Monday, August 25, 2025

COMIC BOOK GUY (SEASON 33)

 

Welcome to Comic Book Guy! This season was a swirl of genres, heroes, and mayhem. We got a Watchmen reboot from someone who apparently doesn't like superheroes. Meanwhile, Lucifer belted out bangers from Bowie to Phil Collins, The Hammer of Thor 2 went full mythic elegy, Supergirl: Power gave us the ultimate Kryptonian catfight, and Bashenga took us back to Wakanda’s roots in a tale that felt more historical epic than superhero adventure. Buckle up, true believers. Let’s dive in.




WATCHMEN
Welcome to the alternate universe where Watchmen is adapted by a guy who apparently skimmed the Wikipedia page. Aaron Eckhart and Matthew Fox are the only compelling casting choices in the film, but those are the only clear casting wins in an ensemble featuring Justin Timberlake - yes, Justin Timberlake - as Ozymandias, the smartest man on the planet. The script also inexplicably deletes nearly every major supporting character from the comic, and replaces them with Nathaniel Parker - a bland waste of space. The film leans hard on philosophical mumbling, pressing Ctrl+Alt+Delete on anything from the comic that has any kind of tension, excitement, action, intrigue, or relevance. Sure, the squid’s back—but when it lands in a story this inert, it’s more soggy calamari than shocking climax. A slow, self-important mess that fundamentally misunderstands what made Watchmen matter.




LUCIFER
Finally, a comic book musical where the Prince of Hell gets drunk, books Billy Idol, and does karaoke with the heir to Heaven. Lucifer is the gloriously unholy mashup of The Sandman’s mythology, Moulin Rouge’s musical madness, and the kind of dark humor that makes you feel guilty for laughing—then laugh harder. Jonny Lee Miller is perfectly cast, channeling suave sleaze, cosmic exhaustion, and just enough Bowie glam to make you believe the Devil really does know every verse to “Golden Years.” The deep-cut DC roster is blessedly intact (Mazikeen! Elaine Belloc! Duma!) and even Sting and Billy freaking Idol show up for divine (and profane) musical chaos. R-rated, blood-soaked, and Bible-thumpingly brilliant, this is Lucifer as if Garth Ennis rewrote The Book of Revelation during a hangover in South Beach. And honestly? I’d go to church if this guy ran the choir.

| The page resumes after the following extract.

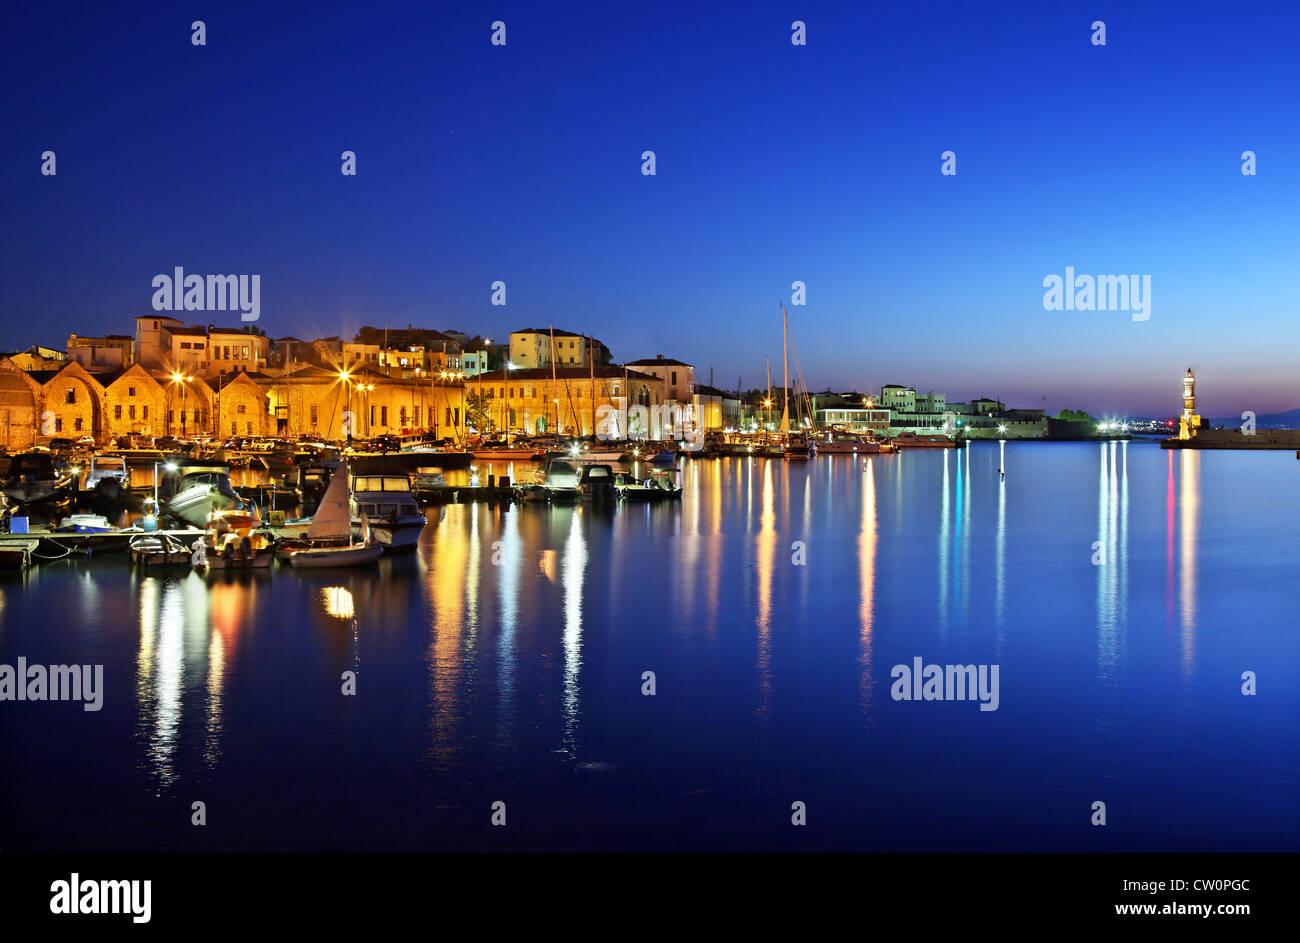 Nachtansicht der Altstadt Hafen von Chania, Kreta, Griechenland. Stockbild

THE HAMMER OF THOR: THE FROST WAR
With a title that rhymes like a heavy metal concept album, this chilly follow-up ditches comic book flair for mythic gravitas - and honestly, it's kinda refreshing. Channing Tatum still plays Thor like he's reading stone tablets off a teleprompter, but the brooding tone almost makes his stiffness feel intentional. Director Roar Uthaug leans hard into icy apocalypse vibes, with giant frost beasts, winged Valkyries, and a third-act glacier-top smackdown that feels like The Northman by way of Final Fantasy. It's all very serious, very snowy, and kind of awesome. No capes, no quips, just doom, gloom, and boom.




SUPERGIRL: POWER
Supergirl: Power turns continental destruction into couture carnage, delivering explosive action across Europe with a heel to the throat and a glittering Eiffel Tower backdrop. Chloe Grace Moretz gives Kara the pathos she deserves, but Amanda Seyfried’s Power Girl brings the chaos, sass, and cleavage-powered menace of a superhero without a planet. Ted Danson's Vincent Edge also manages to explain the Infinite Earths theory in a way even your grandma would understand.





BASHENGA: THE BLACK PANTHER
Who knew the origin of Wakanda’s first king would feel more like Lawrence of Arabia than a Marvel comic? Steve McQueen brings out the heavy artillery of prestige cinema here - sweeping landscapes, spiritual gravitas, and the kind of slow-motion war charge that makes you want to stand and salute your screen. Sure, it's a little less “superhero blockbuster” and a little more “National Geographic meets Shakespeare,” but when the final battle hits, it’s like Wakanda discovered IMAX. And hey, bonus points for giving us a Black Panther movie where not a single alien invasion or sky beam shows up.